# WHAT THE EXERCISE ASKS:
Leave every image out, and return the rest of the data word for word.
** SUPPLIED INFORMATION follows **
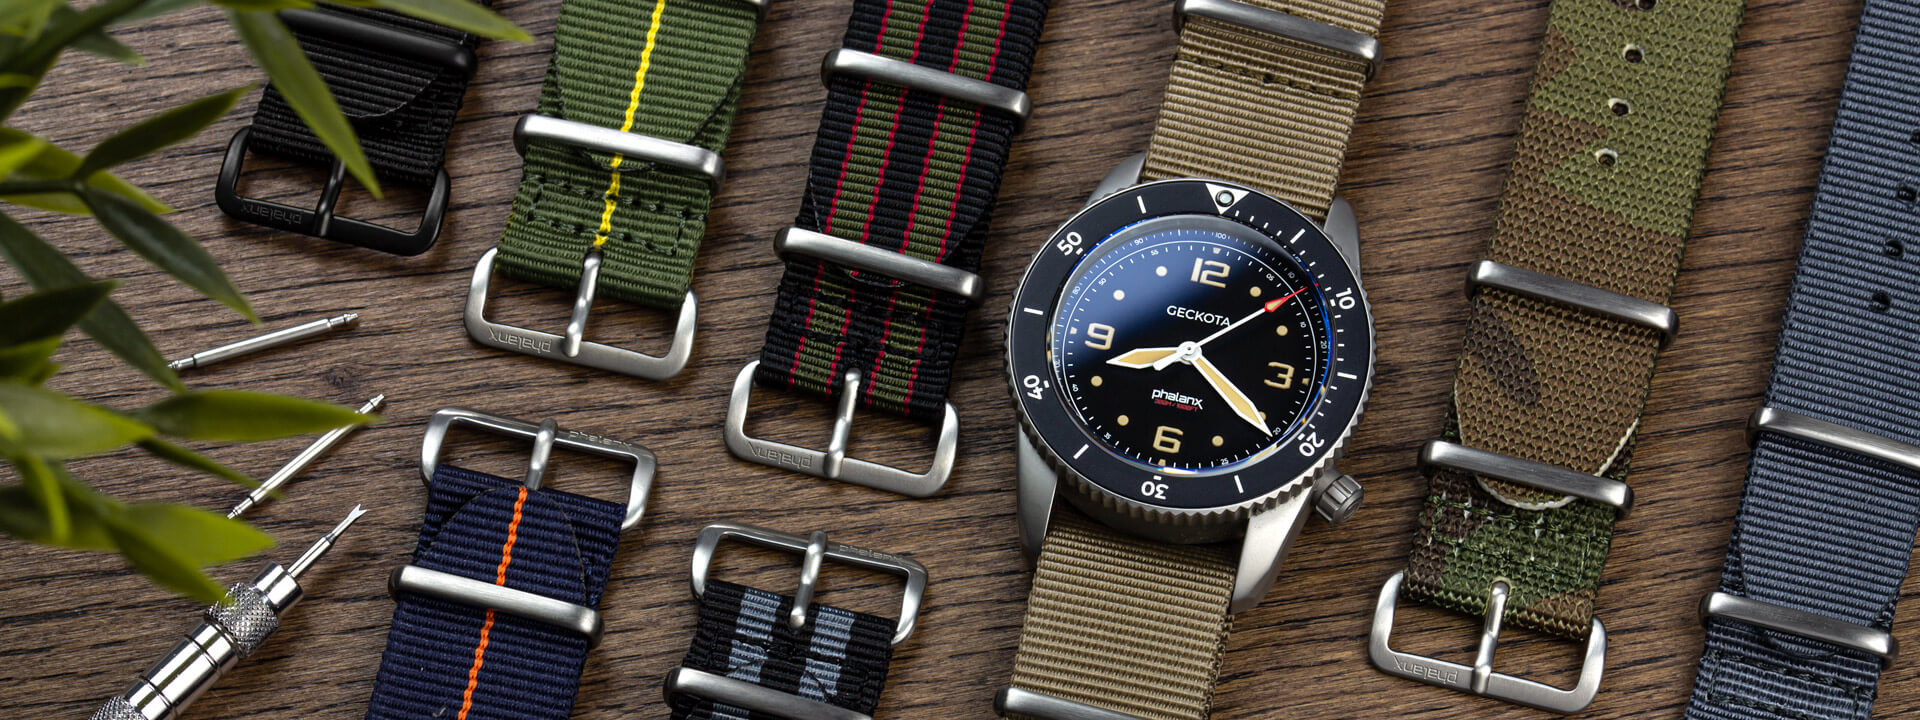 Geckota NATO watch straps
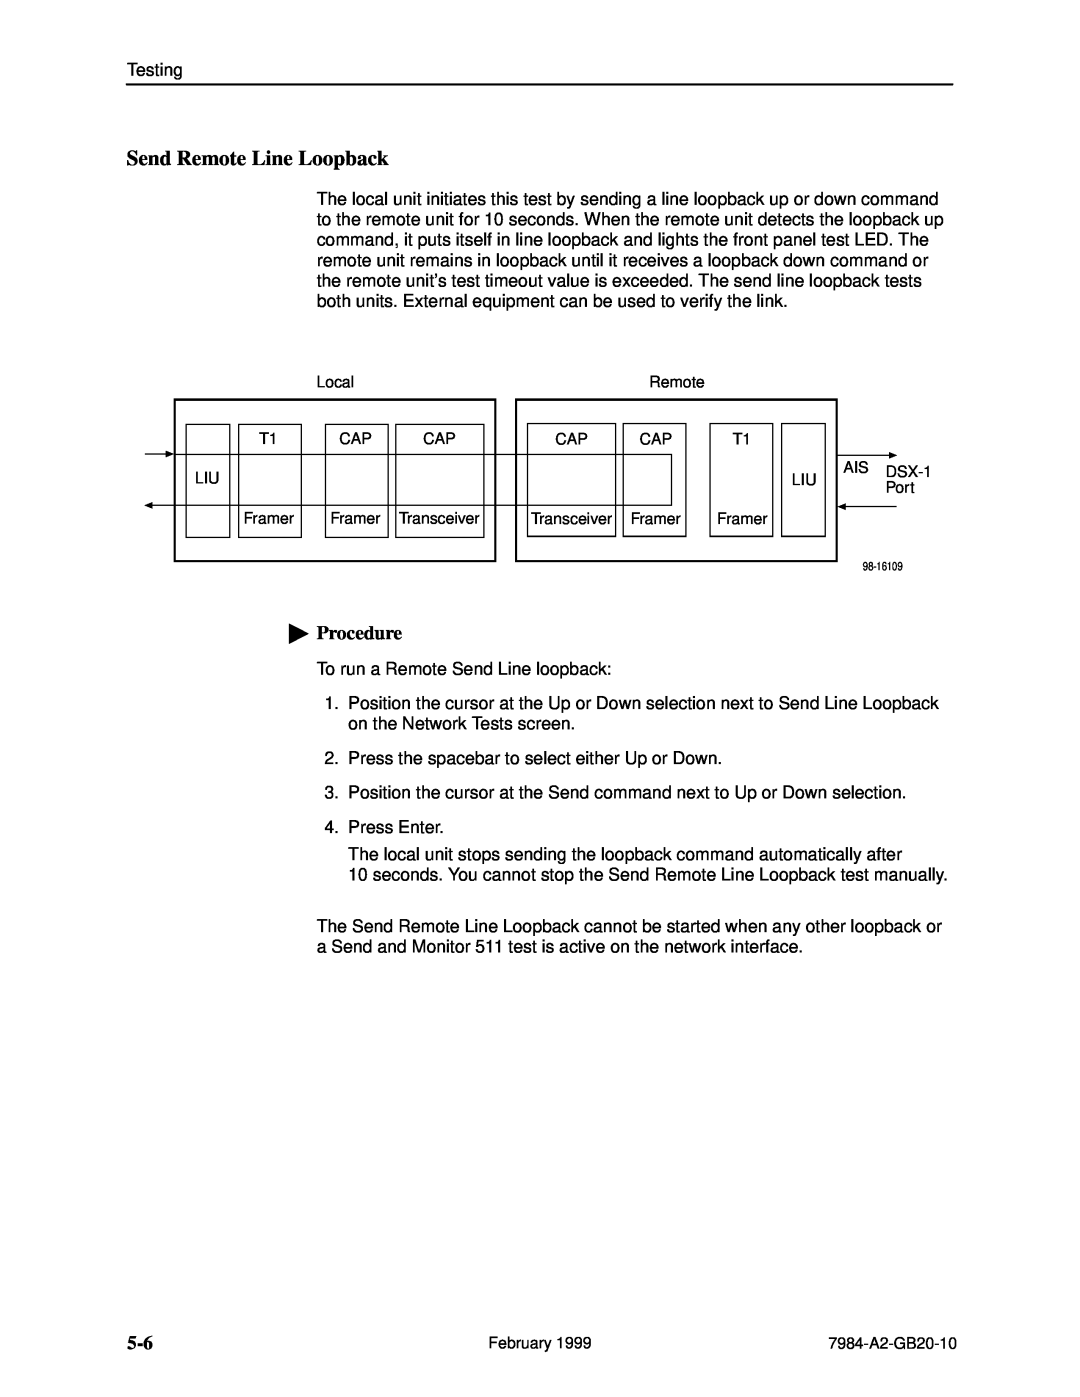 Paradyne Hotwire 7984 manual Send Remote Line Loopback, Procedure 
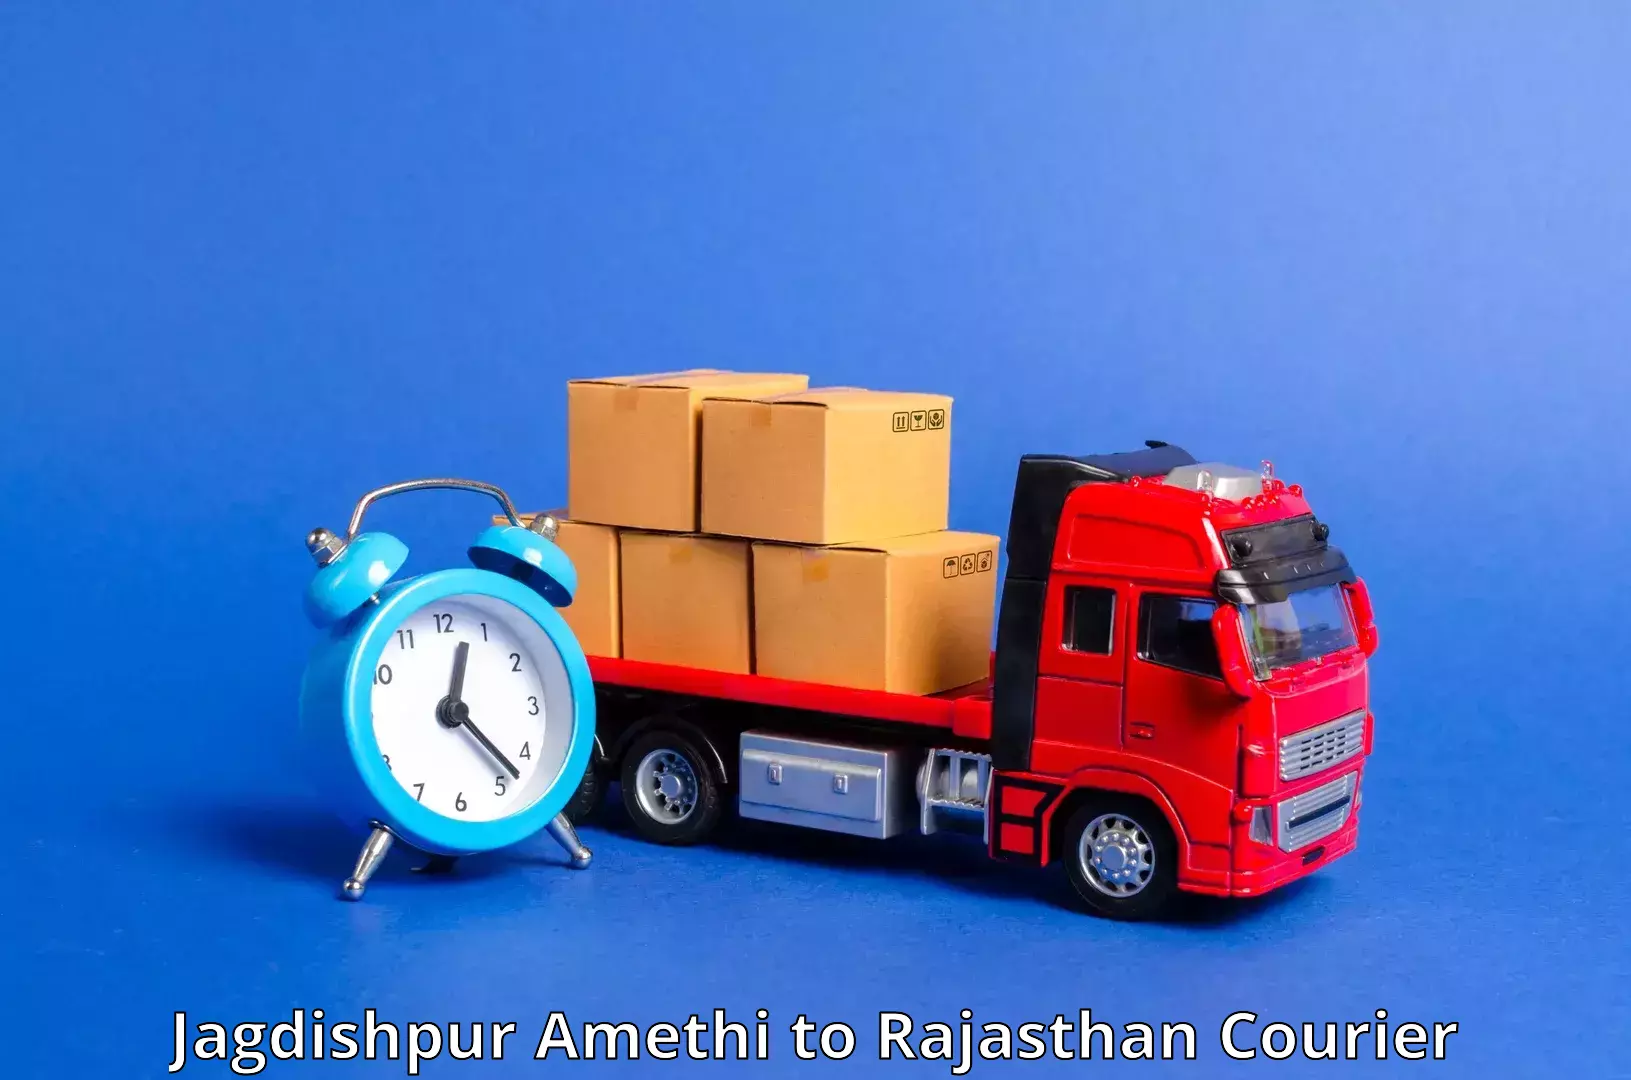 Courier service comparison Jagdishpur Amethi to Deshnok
** End of SUPPLIED INFORMATION **
# REPLY:
 Geckota NATO watch straps
 Paradyne Hotwire 7984 manual Send Remote Line Loopback, Procedure 
 Courier service comparison Jagdishpur Amethi to Deshnok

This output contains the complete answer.